N- It seems through your pieces like you were trying to achieve a very specific frequency of thought in the spectator or relationship to the spectator in some way, either by long slow moving images, or repetitive movement or emptiness, is this in some way true? If so which piece of yours did you feel was the most successful from your point of view? Why?
Yes, I think it’s true. Although I’m not quite sure exactly what I was hoping to achieve, if I knew at one time I’ve forgotten now, at least what I was trying to achieve specifically. But I’m very curious about the audience or the spectator or the viewer or whatever. I’m very curious about the relationship between the audience and what they’re viewing – the “contract” between the viewer and what is being presented to them. That last bit is more specific to theatre, I guess, but it looks like I tried to explore here it in these last 7 months (8 months?) without really realizing it. I’m very interested in that and I’m very curious about perception, the physiology involved in watching something. And with those two combined, I think, very basically, I was/am exploring creating/having an active relationship between the piece and the viewer.

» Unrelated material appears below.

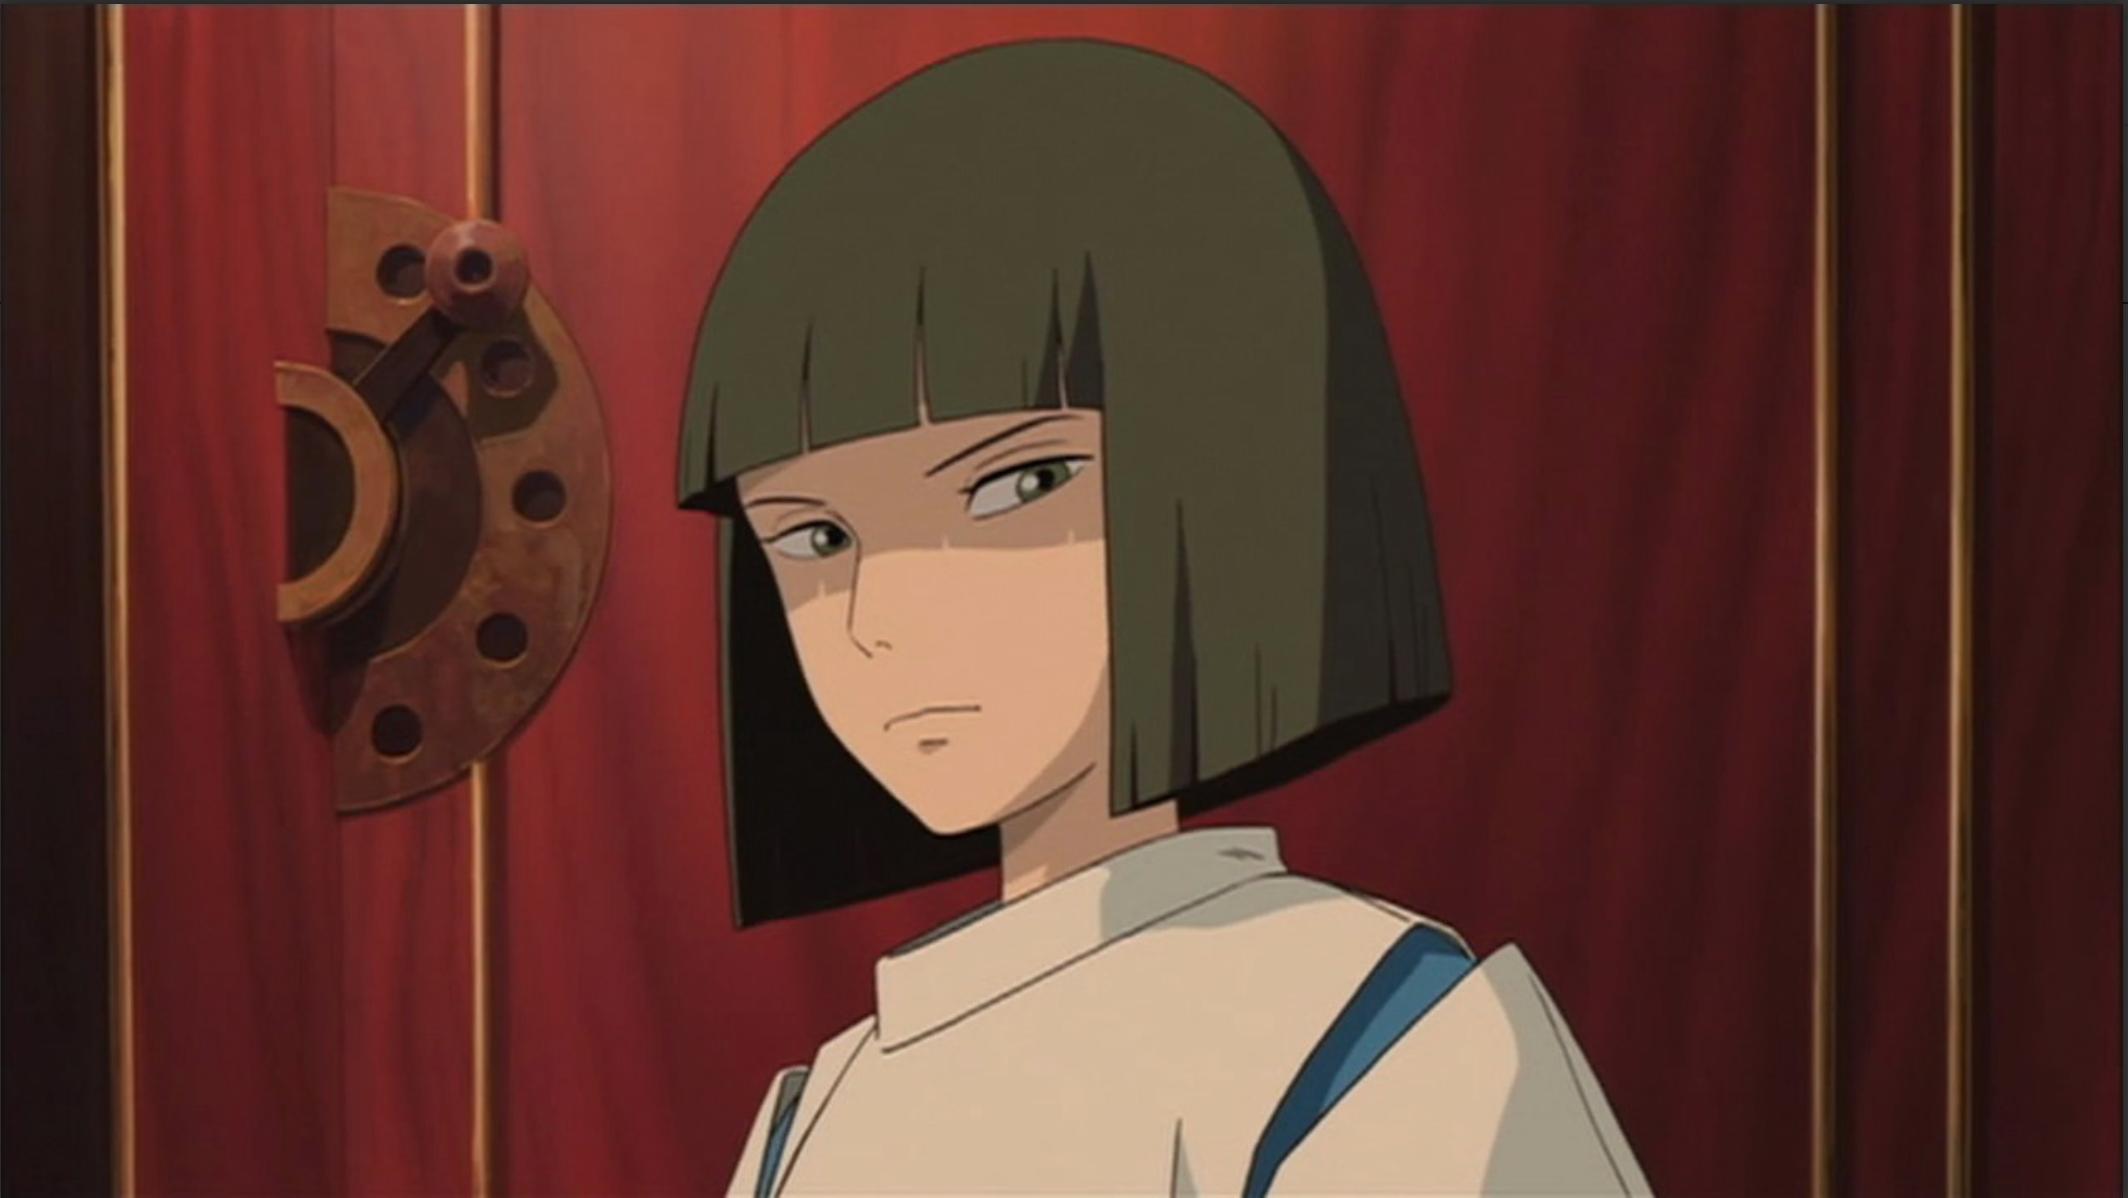 Haku Speaks Sternly To Chihiro In The Elevator Spirited Away Studio Ghibli Art Studio Ghibli

I suppose the piece that best strives towards that idea is my first video. The emptiness of the image I think (I hope) invites the viewer to fill it with his or her own content. And I think the movement of the camera better facilitates that rather than if it was just a still image. Maybe because it tricks the viewer into staying with it in hopes that something more will happen. With that video I was also attempting to fiddle around with pulling from the montage aesthetic, except using juxtaposing sounds and images rather than just juxtaposing images, with the intent of the viewer filling the space in between what they are seeing and what they are hearing – creating their own bridge.
N- How do you achieve such minimalism of sorts? Where does the rest of your mental work go? Do you believe it is somehow in the piece, even if it is not completely tangible? Or does it stay with you and drive you crazy?

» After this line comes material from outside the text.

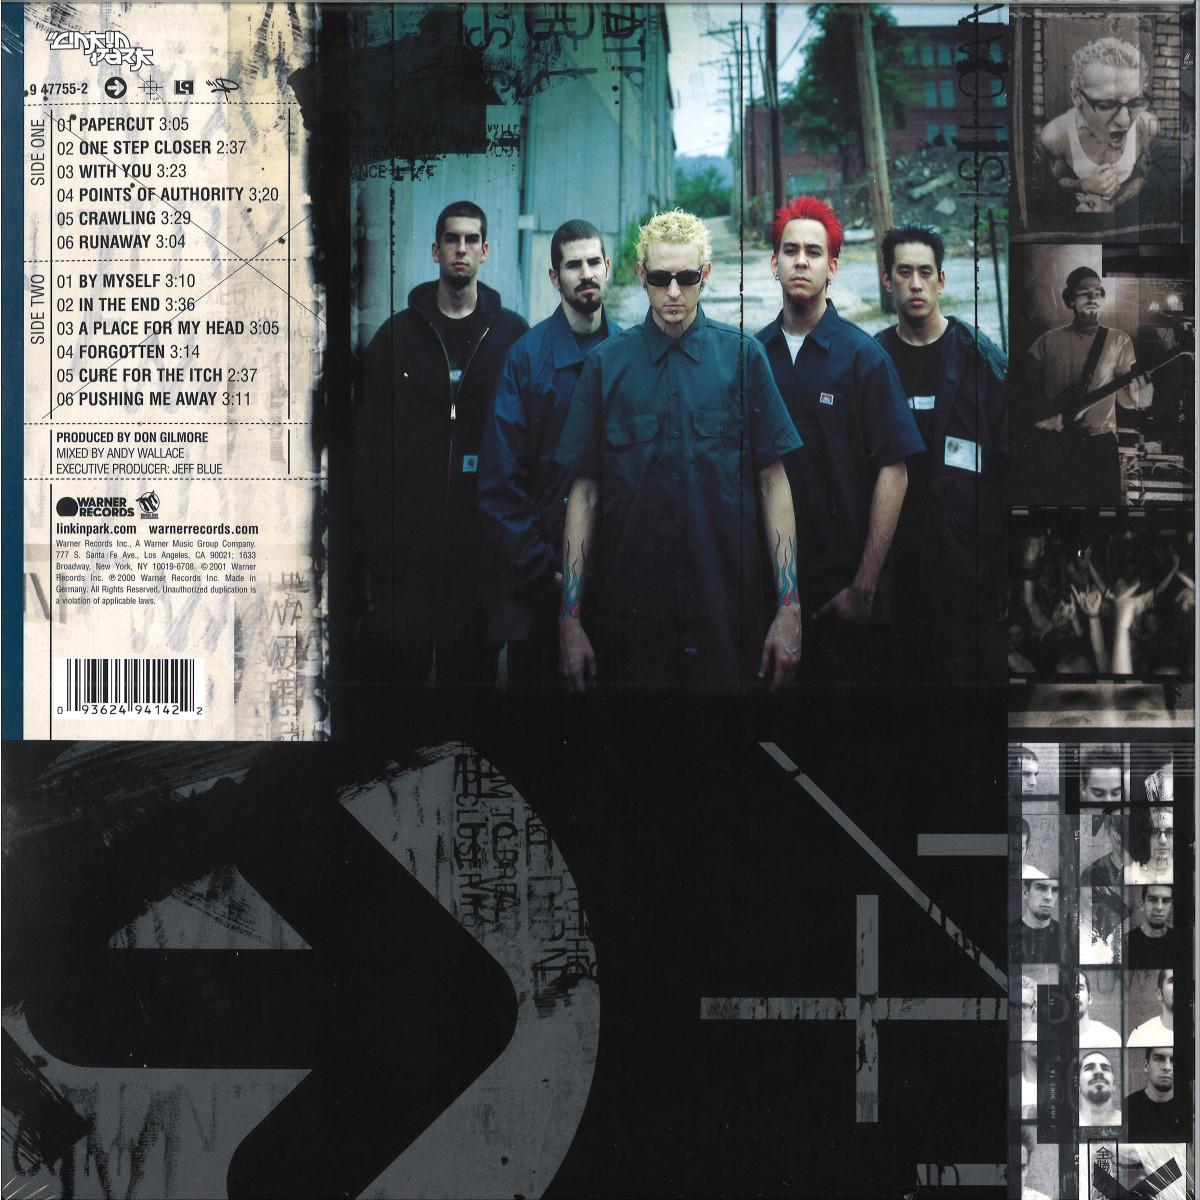 Linkin Park - Hybrid Theory / Rhino 9362494142 - Vinyl

It stays with me. And either I just force myself to forget about it or, yes, it drives me crazy. I always begin with some grandiose idea verging on operatic, but that’s always how it stays: an idea. And it stays with me because the deconstruction of the idea is never physicalized. I never see all of the components in a room and then eliminate them, because of space/time/money limitations and my own limitations it has to happen in my head.
TS-If you could collaborate with any artist (alive or dead) who would it be?
Oh, gosh! How do you answer that? So many! My answer could change tomorrow, but right now I would say Satie. And if I got to choose one dead and one alive, I’d also choose Robert Irwin.
EF- Where do you see yourself in the quiet spaces of your work?
I’m not sure…I think I don’t really see myself. Unless I’m directly in it. But even then I still feel somewhat removed. I’m not sure why, maybe it’s a vulnerability thing. But I guess it’s also a preference thing – I don’t like looking at my work if I can see my fingerprints all over it, which could sound somewhat contradictory considering there’s an obvious through-line in most of my pieces, but I like making work that feels outside of myself even if that feeling is slightly delusional.
EM-How do you work? In the past has it been more helpful to feel the pressure of a deadline or work within an open-ended time frame? Better to have someone with a gun to your head bugging you to finish or to be left alone?
I resist it-the gun and the deadline, but the truth is, if left to my own devices I’d take longer than GnR’s Chinese Democracy.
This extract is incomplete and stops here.